Wanted: Good Monetary Policy
The disproportionate consequences of untimely contraction
The graph above takes a pair of Treasury bonds, one inflation-indexed, the other not, for several different maturities and calculates their differences to determine a market expectation for average inflation during that time frame. What fascinates me here is the extraordinary volatility in long-term inflation expectations since the end of the recession in July 2009.
It may seem small: we're talking about swings of roughly 1 percent in inflation expectations in the 5-year time frame, and swings of 50 to 75 basis points in the 7-, 10-, 20-, and 30-year time frames. But this is extraordinary--historically anomalous, in fact. Prior to the recession, these breakeven rates were anchored at 2.5 percent, regardless of economic conditions and monetary policy action.
Why does that matter? First, stable inflation expectations are essential to long-run growth. Unpredictable inflation introduces unnecessary risks to lending and borrowing, impeding investment. Yet I'm about to make a case you might not have heard before: the Fed's conservatism is seriously endangering inflation expectations in the medium- and long-run. (Not growth expectations, or "full employment"--that's an easy argument to win. Inflation.)
We can see this in how the volatility of these breakeven inflation rates move with short-run Fed policy--namely, the quantitative easing programs and related asset purchases. Yet these are short-run policies; why are we seeing them impact long-run inflation expectations?
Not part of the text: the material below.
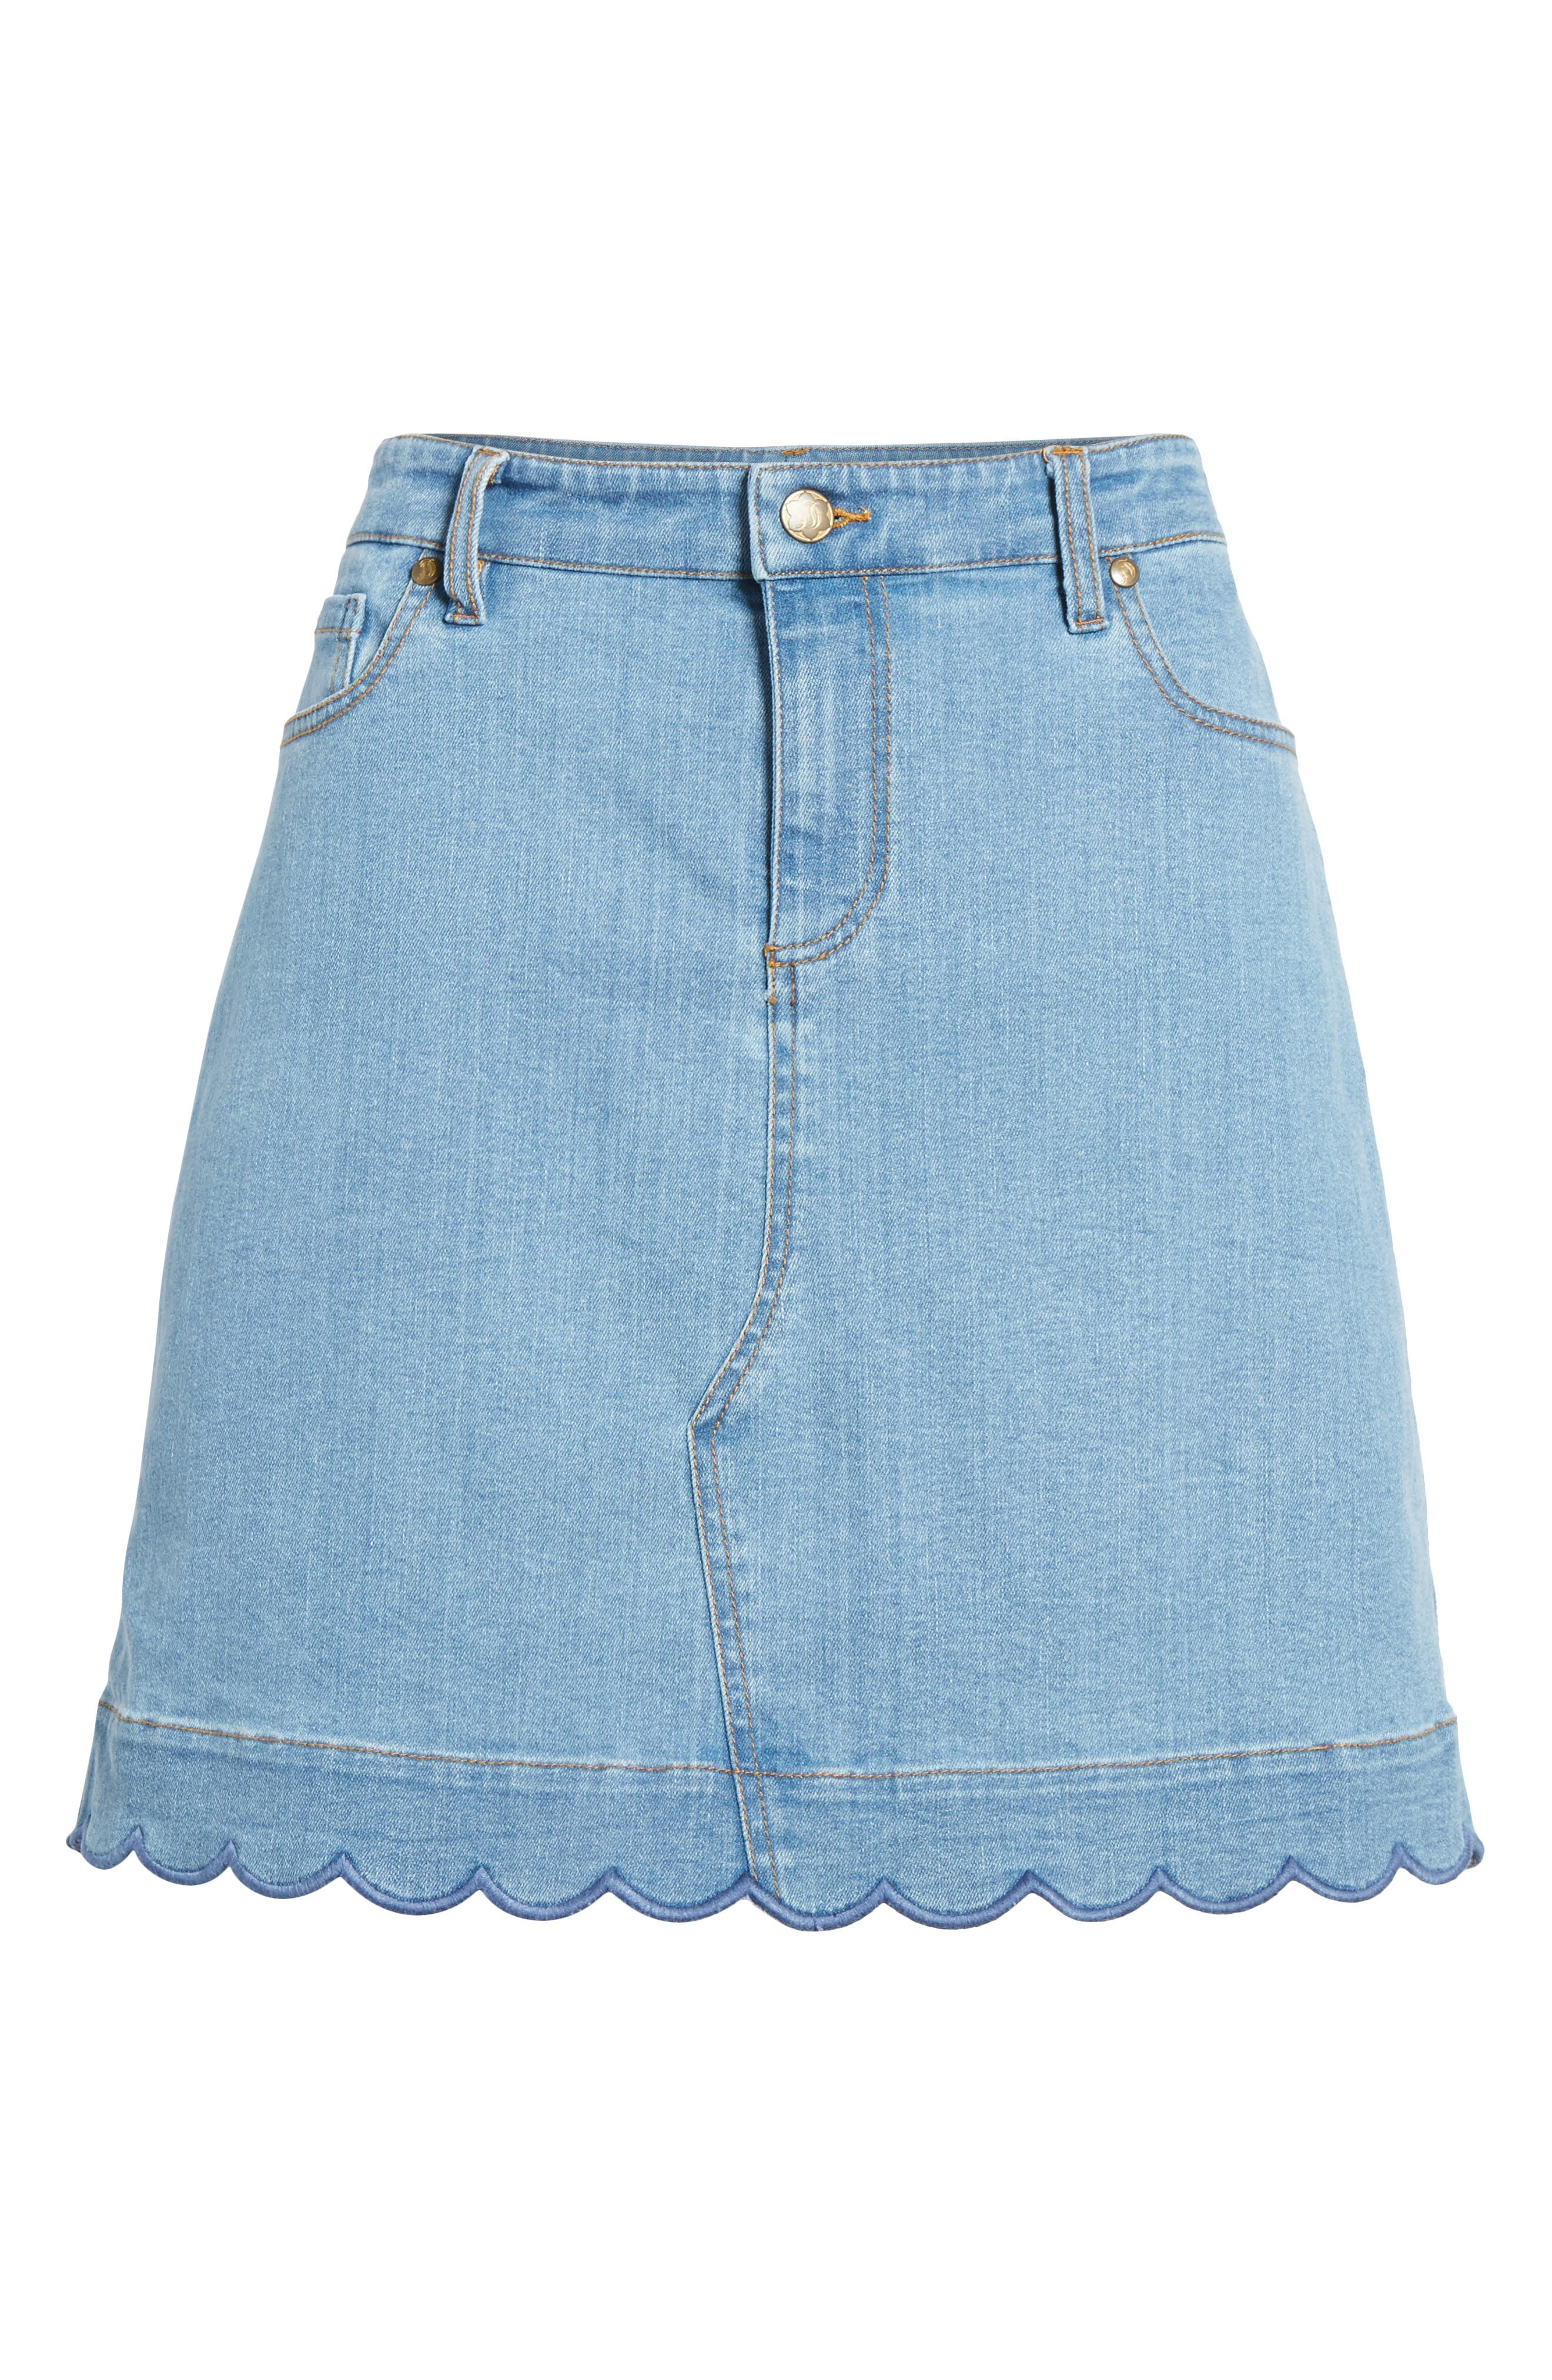 Scallop Denim Skirt,                             Alternate thumbnail 6, color,                             Blue

I see this as the clearest evidence I've ever seen of market concern that without continued accommodative monetary policy, we could be heading for a liquidity trap scenario of protracted periods of low growth, low inflation, and high output gaps. The only reason long-run inflation expectations would respond in this way, we can see, is that if the market expected Fed actions now would be highly determinative of the long-run. This is what an economy making an unsure exit from a liquidity trap looks like. It is highly suggestive that the Fed, moreover, remains disturbingly close to deflationary pressures and has significantly more leeway than I would have thought previously for expansions of QE before it has any negative impact on inflation expectations.